If your son is miserable, then move him to another pack. However, the other parent and yourself should write a letter, listing the issues you have had with this leader (with as many dates as possible to support the complaints) and send it to your district leader. Scouting is a national orginiszation and all packs are part of district and regional groups. Find out who the district chair is and send the letter to them, I would also send a copy to the national offices.

2007-03-19 01:20:03 · answer #4 · answered by Annie 6 · 1 0

If your son is happy, then leave him be. And if you can't cope with the scout leader, stay away.
You have my sympathy - been there and done that. If there is a real problem, rather than a clash of personalities, others will soon see when no one wants to volunteer to help.
My friend took her son out of our local school (we had tremendous problems with the new headteacher) and put him into another school. He can't make new friends. It would have been better if she'd left him where he was.
So if the leader wants everything done his way, well,then,let him get on with it.

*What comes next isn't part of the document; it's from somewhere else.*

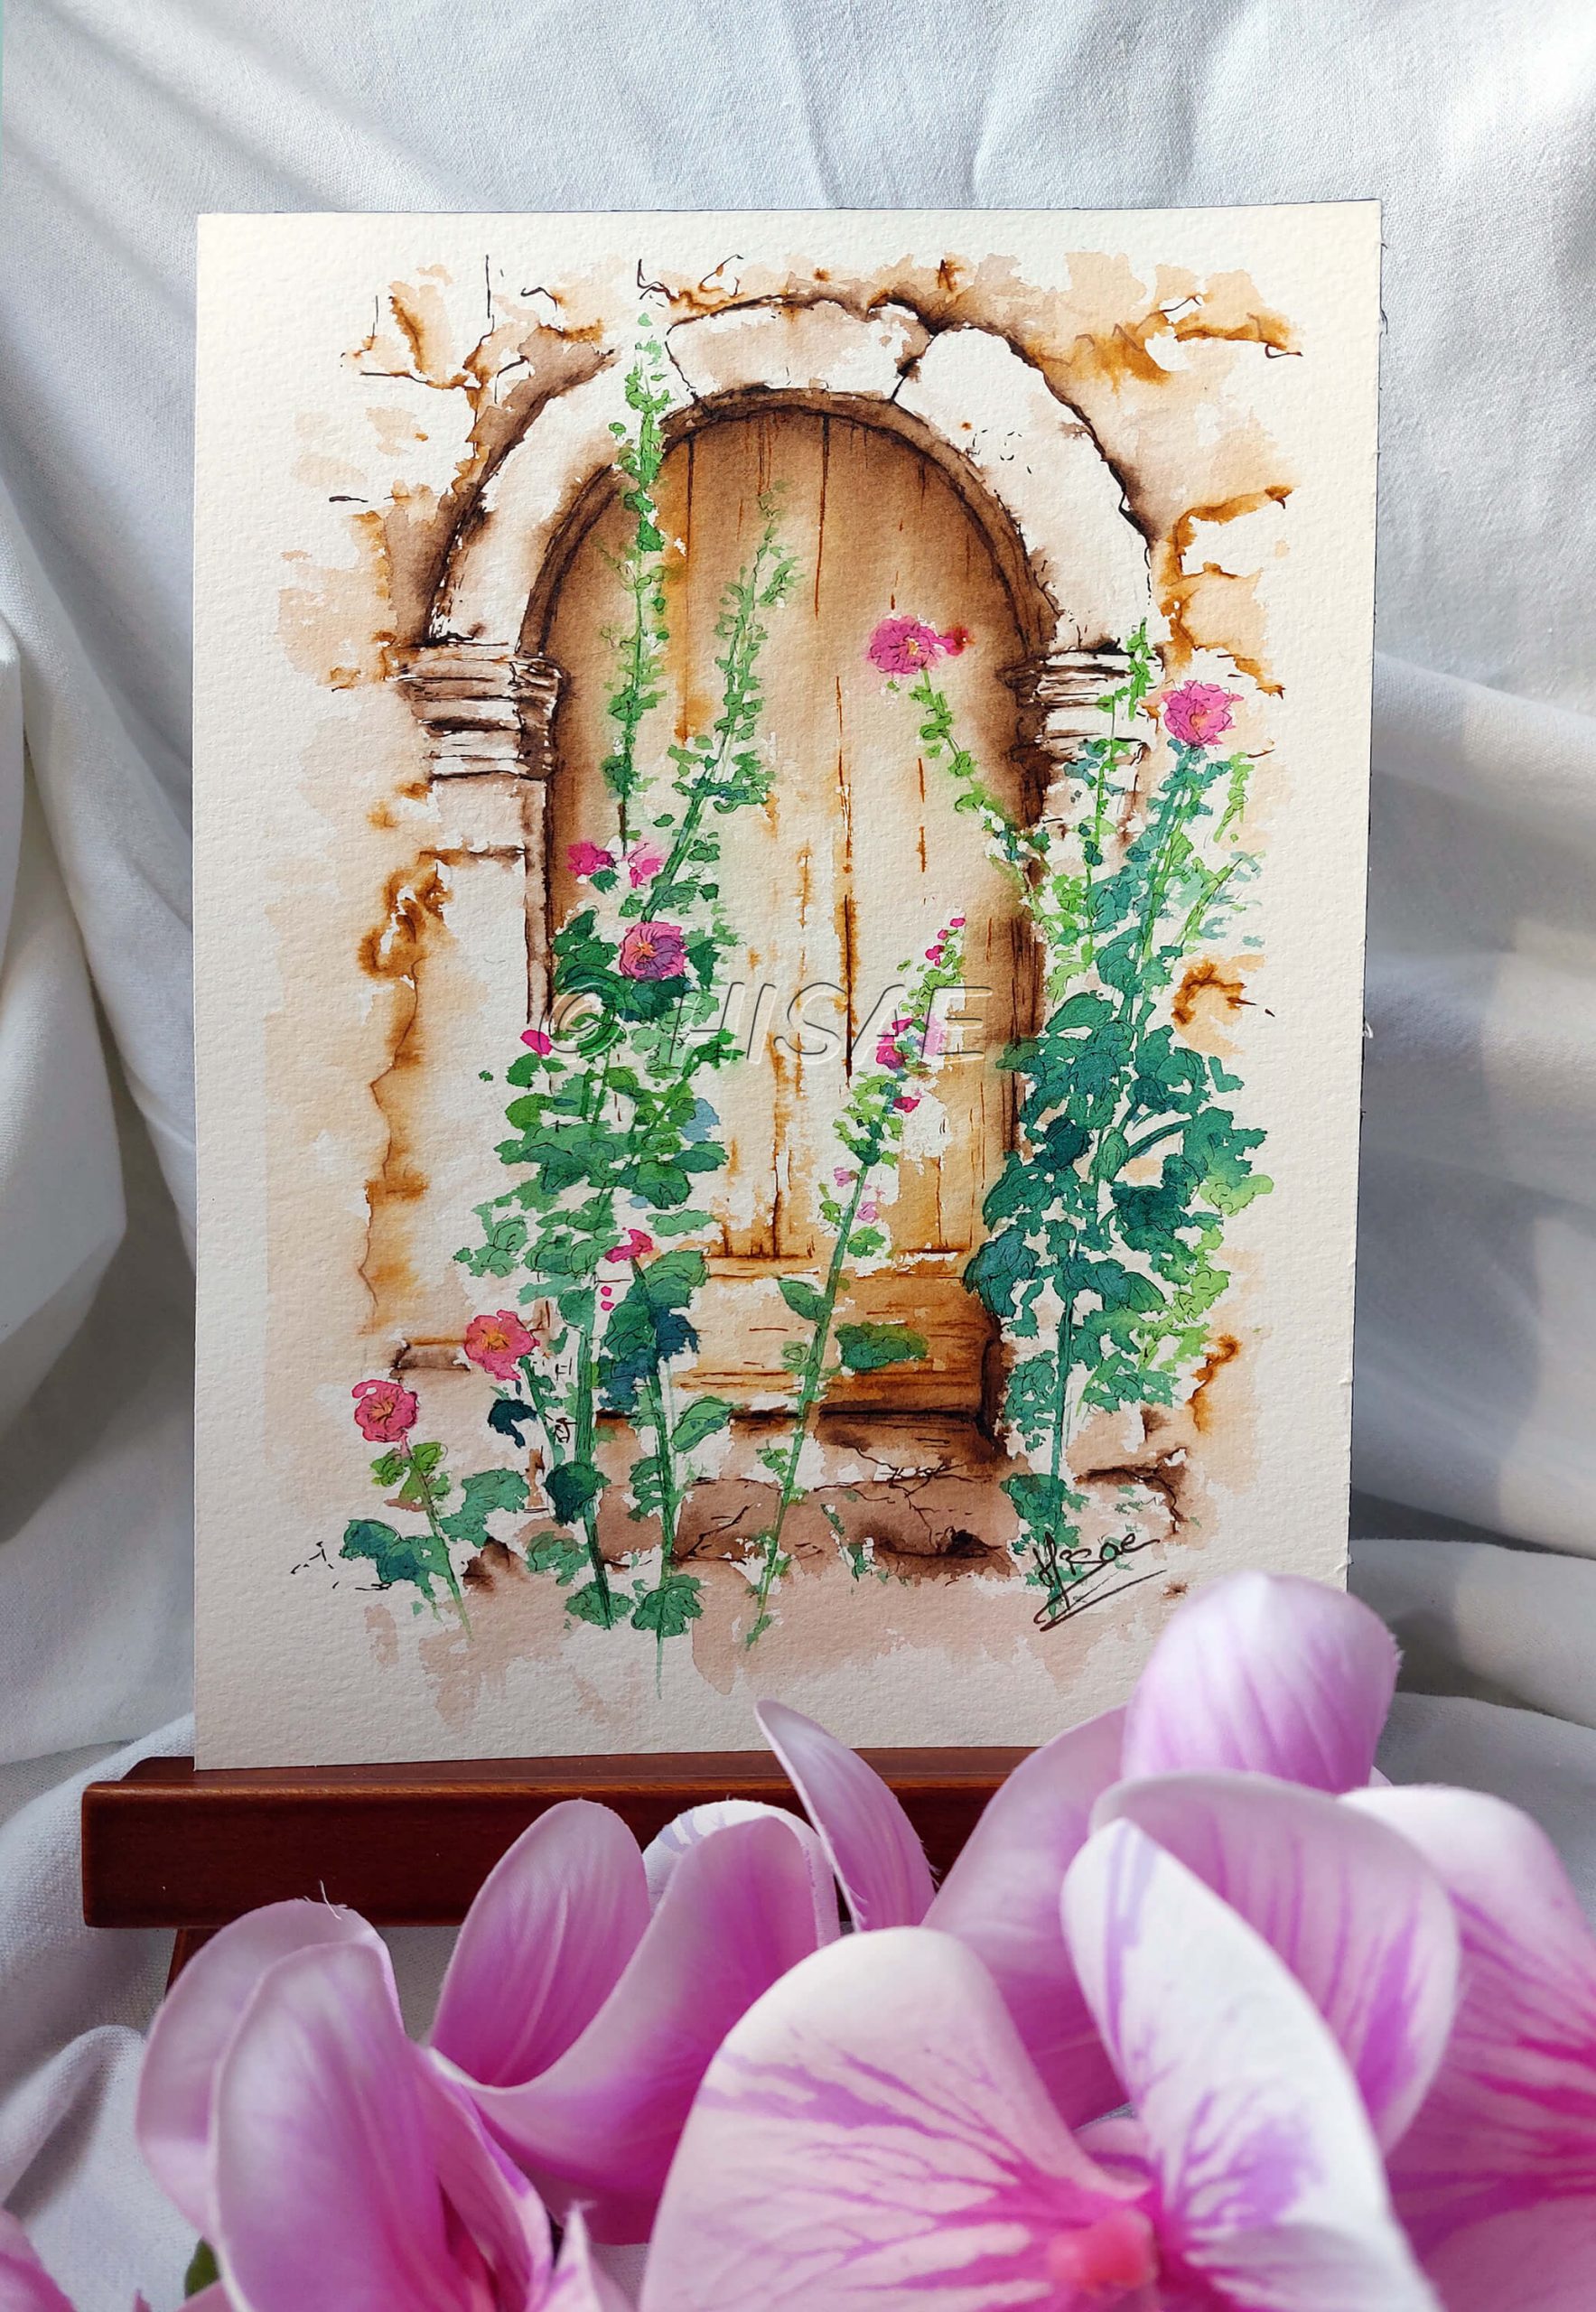 Dessin original réalisé à l'encre et à l'aquarelle, présenté sur chevalet, représentant une petite porte cachée derrière des roses trémières @Hisae illustrations

2007-03-19 01:12:22 · answer #5 · answered by True Blue Brit 7 · 2 1

taking you son away to another pack will not stop this leader from behaving so badly. is there an overall leader you can have a word with. perhaps you can get other unhappy parents and there children together and form a meeting with this pushy person and explain to them that their behavior is not on.if this doesn't work preform industrial action and tell this person that you are all going on strike until he treats you and your children better.

2007-03-19 01:12:51 · answer #6 · answered by fushia 5 · 0 1

Some schools have multiple packs due to size..maybe they have another group? Also, if you have a pentecostal church around you, (Assemblies of God), they should have a Royal Rangers, which is the Church's equivalent to boy scouts. They do all the same things just at a church setting. You need to do what is best for you guys. Your son goes to school with these kids, he doesn't have to do all of his extra curriculars with them as well. Maybe branching out into say the church, or another activity will help your son make more friends.

(ps. Royal Rangers do badges and all of the other activities Boy Scouts do, plus you do not have to be a member of the church for your son to go. Usually it is on a wed or thurs night)

2007-03-19 01:11:28 · answer #7 · answered by TrixyLoo 5 · 1 3

Let your son complete this level.
When the next level starts, see if you can get him into another pack.

You said he's new. With all of the new things he's doing, he'll burn out, his wife will get mad, and he will calm down.

Just let it go until the next level.